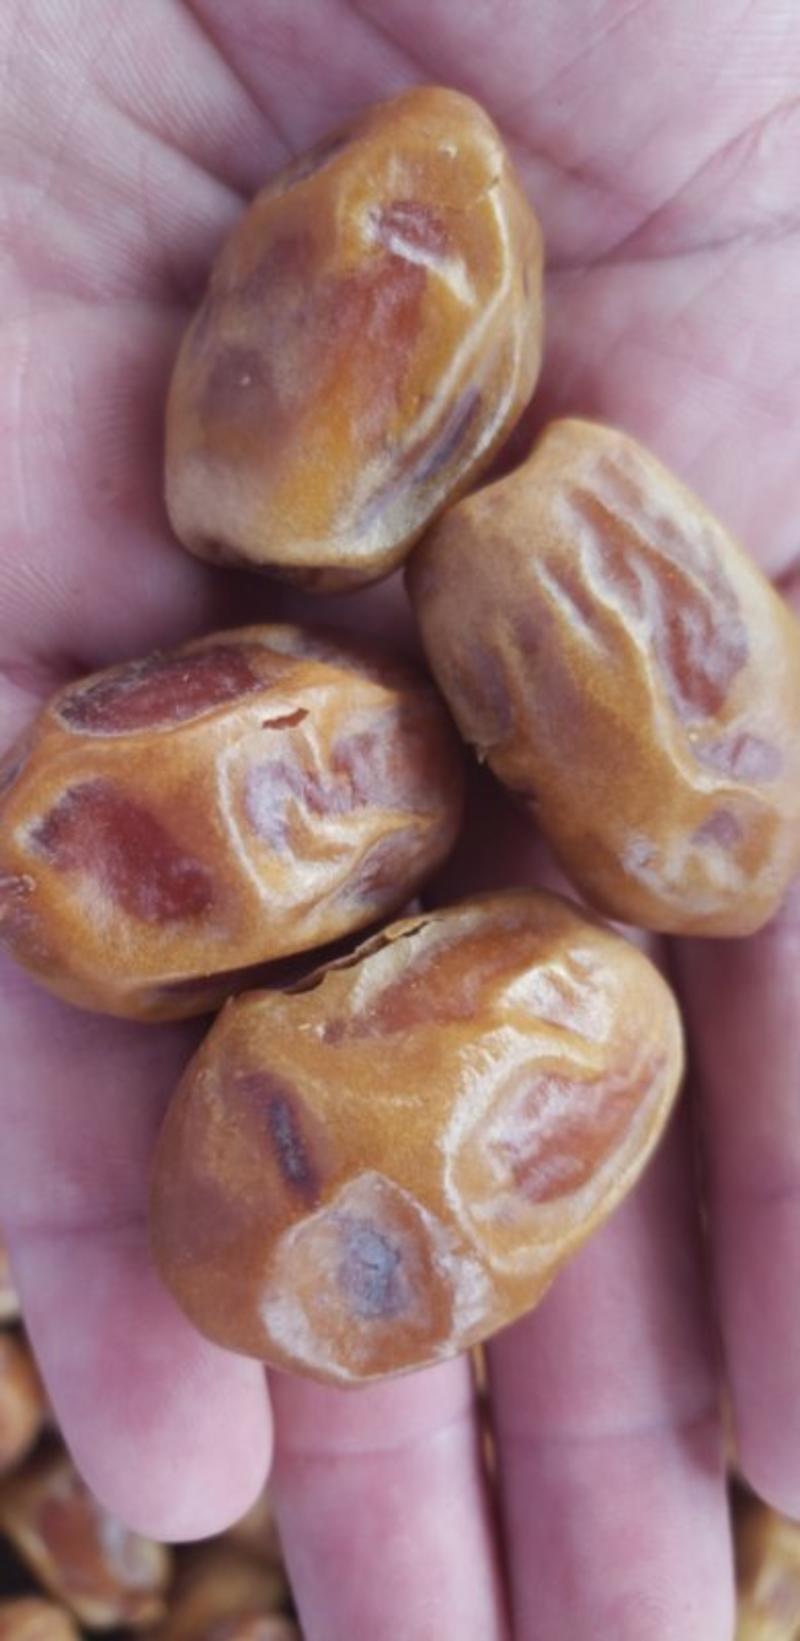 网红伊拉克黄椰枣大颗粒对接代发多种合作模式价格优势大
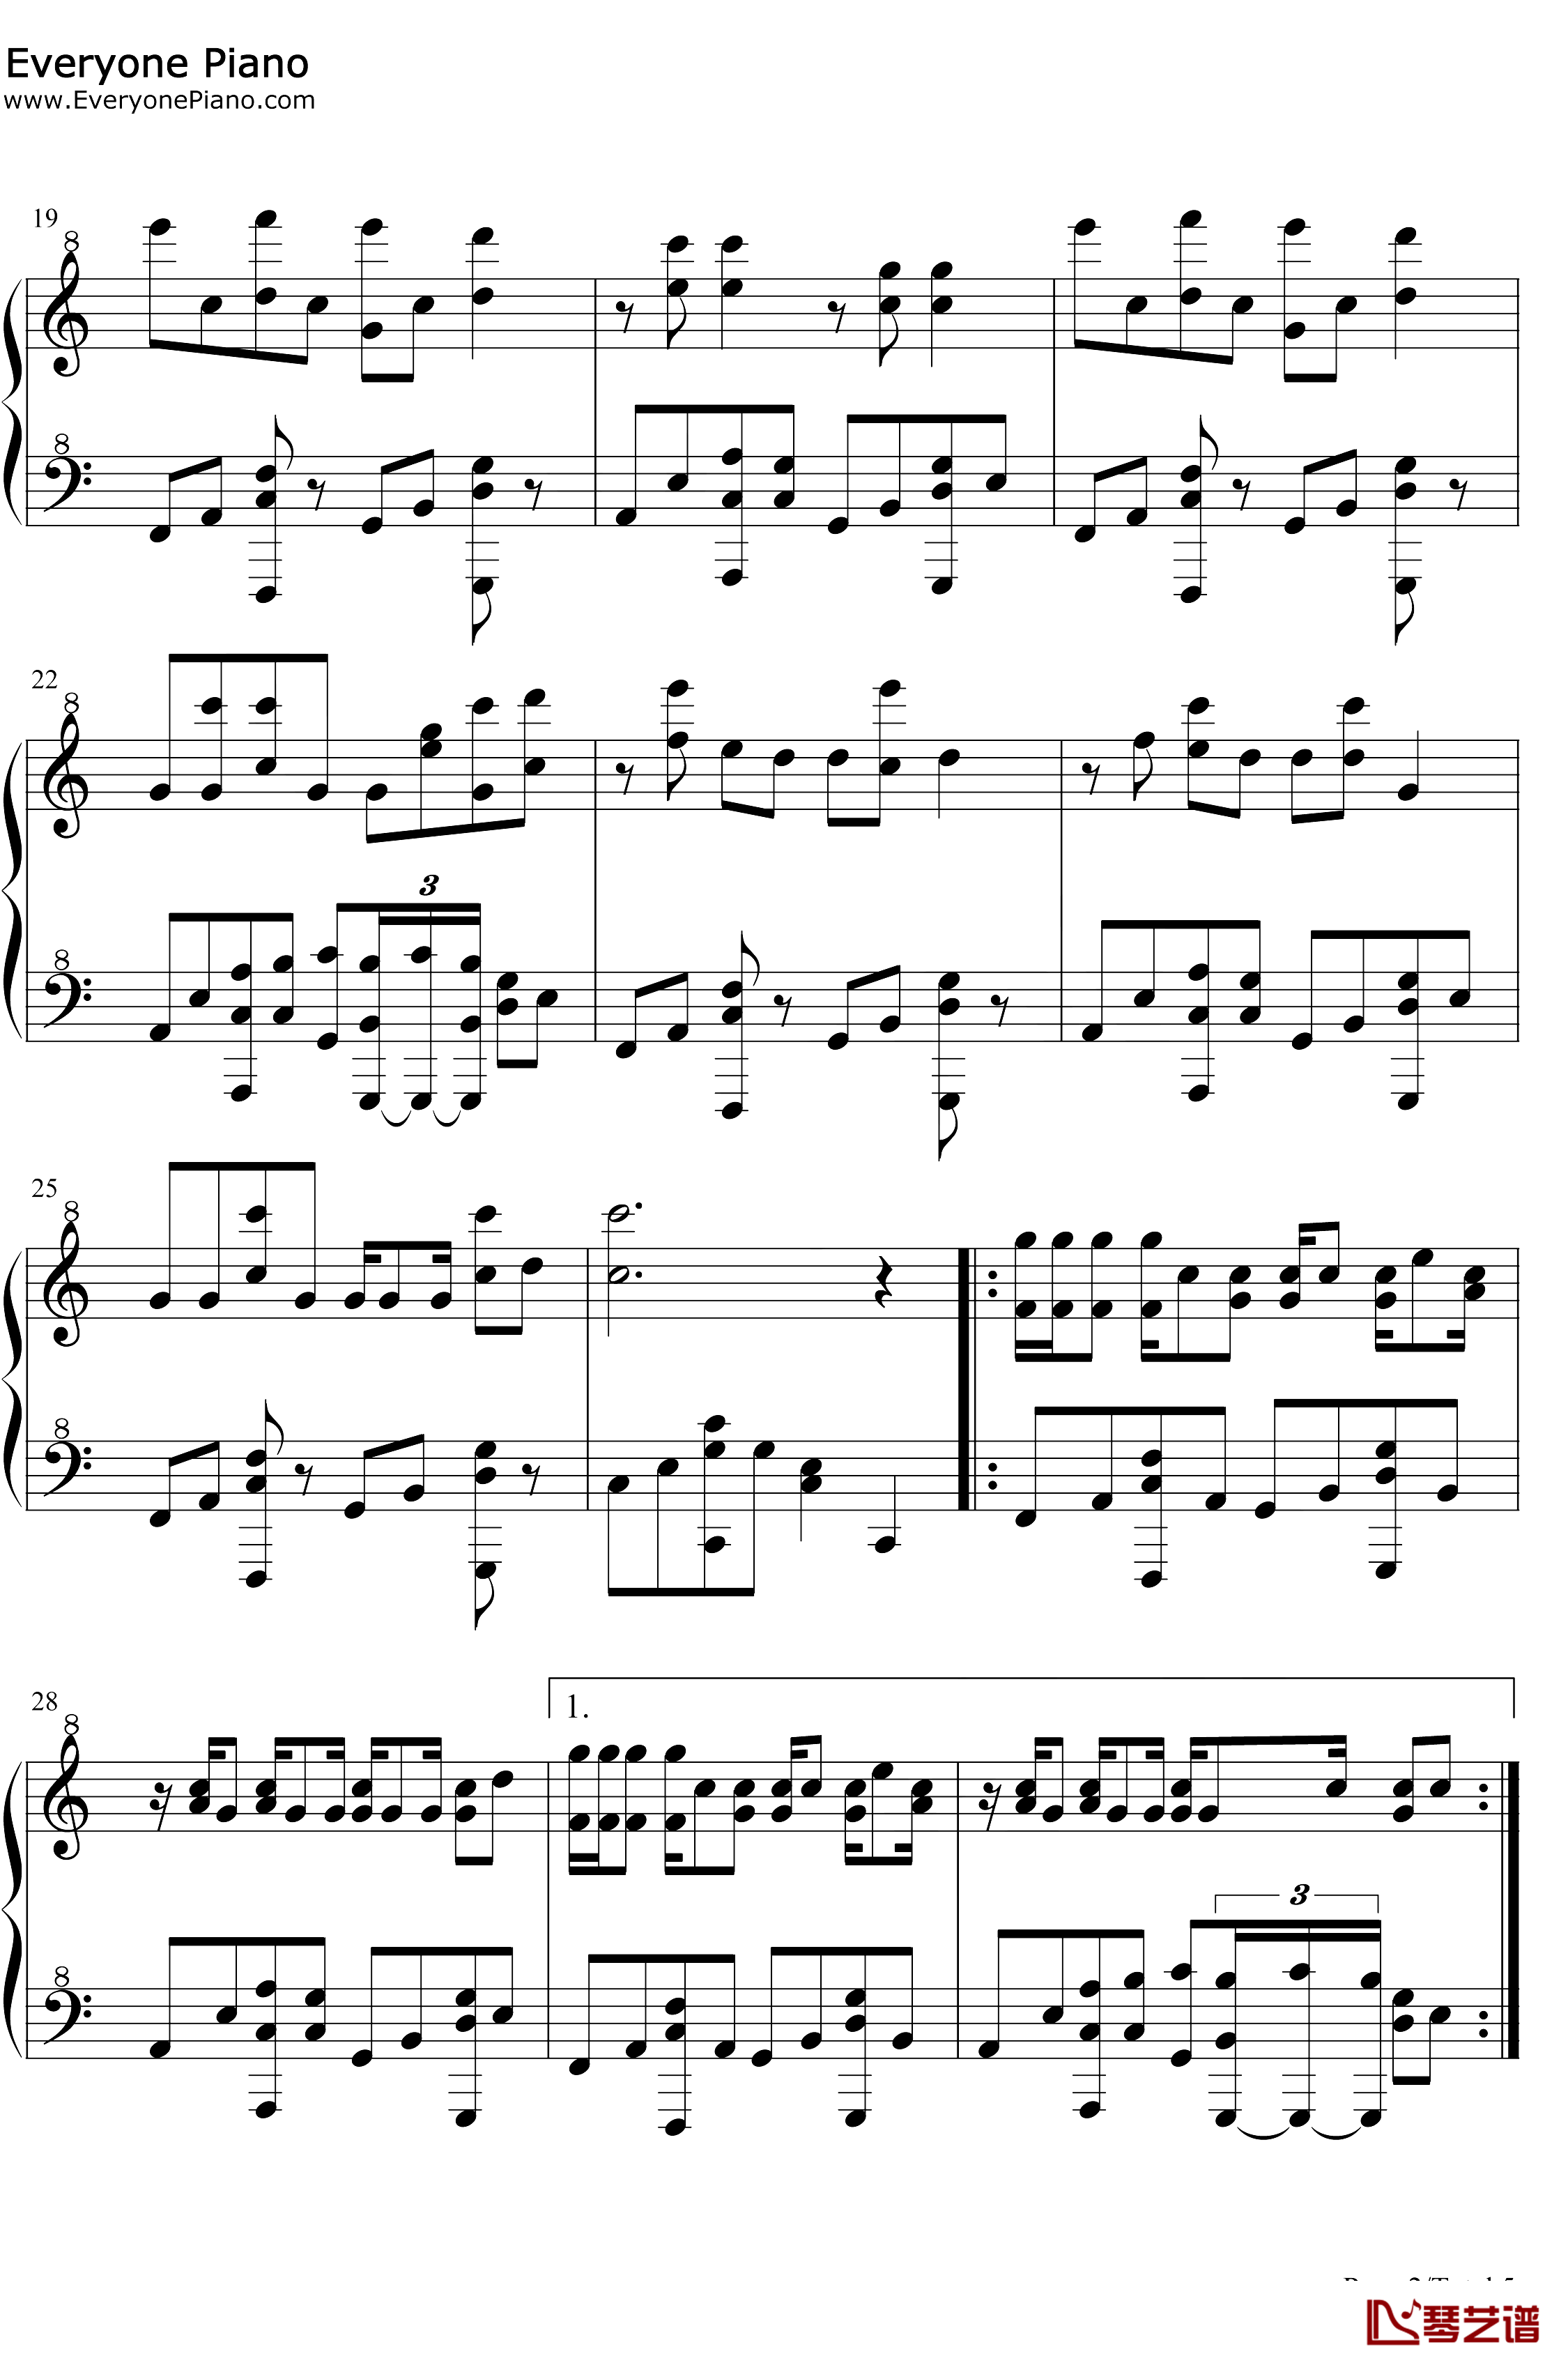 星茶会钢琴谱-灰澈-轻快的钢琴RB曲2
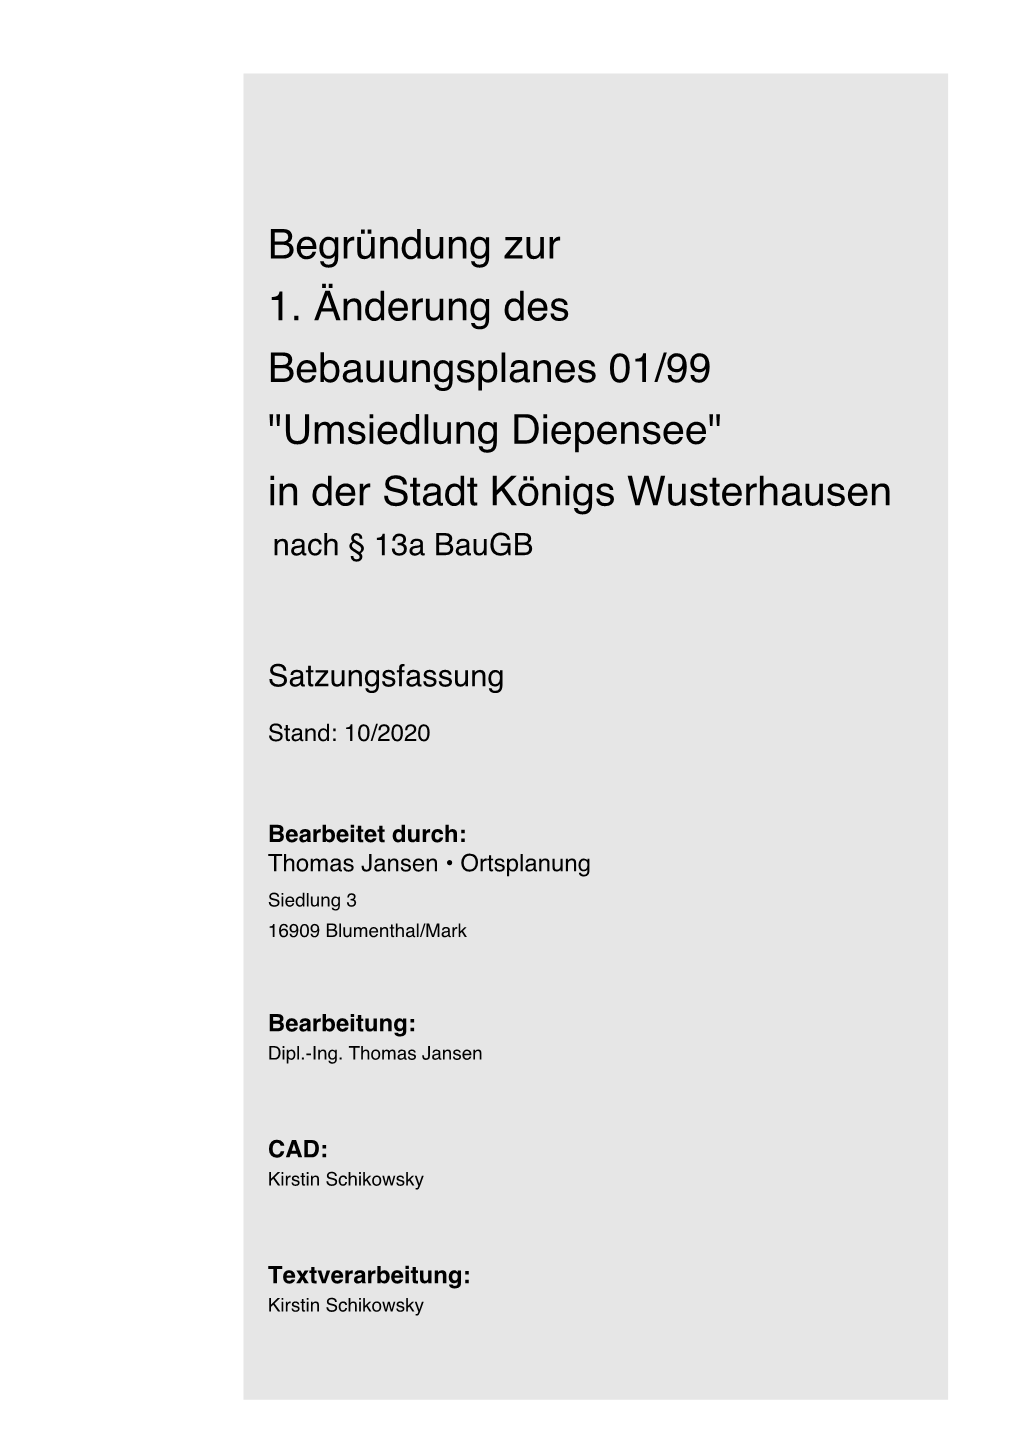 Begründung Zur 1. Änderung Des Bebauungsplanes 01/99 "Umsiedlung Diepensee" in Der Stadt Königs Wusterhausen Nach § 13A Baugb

Your objective: When you write out the data, keep every line exact and drop the pictures.

Answer space:
 网红伊拉克黄椰枣大颗粒对接代发多种合作模式价格优势大
 星茶会钢琴谱-灰澈-轻快的钢琴RB曲2
 Begründung Zur 1. Änderung Des Bebauungsplanes 01/99 "Umsiedlung Diepensee" in Der Stadt Königs Wusterhausen Nach § 13A Baugb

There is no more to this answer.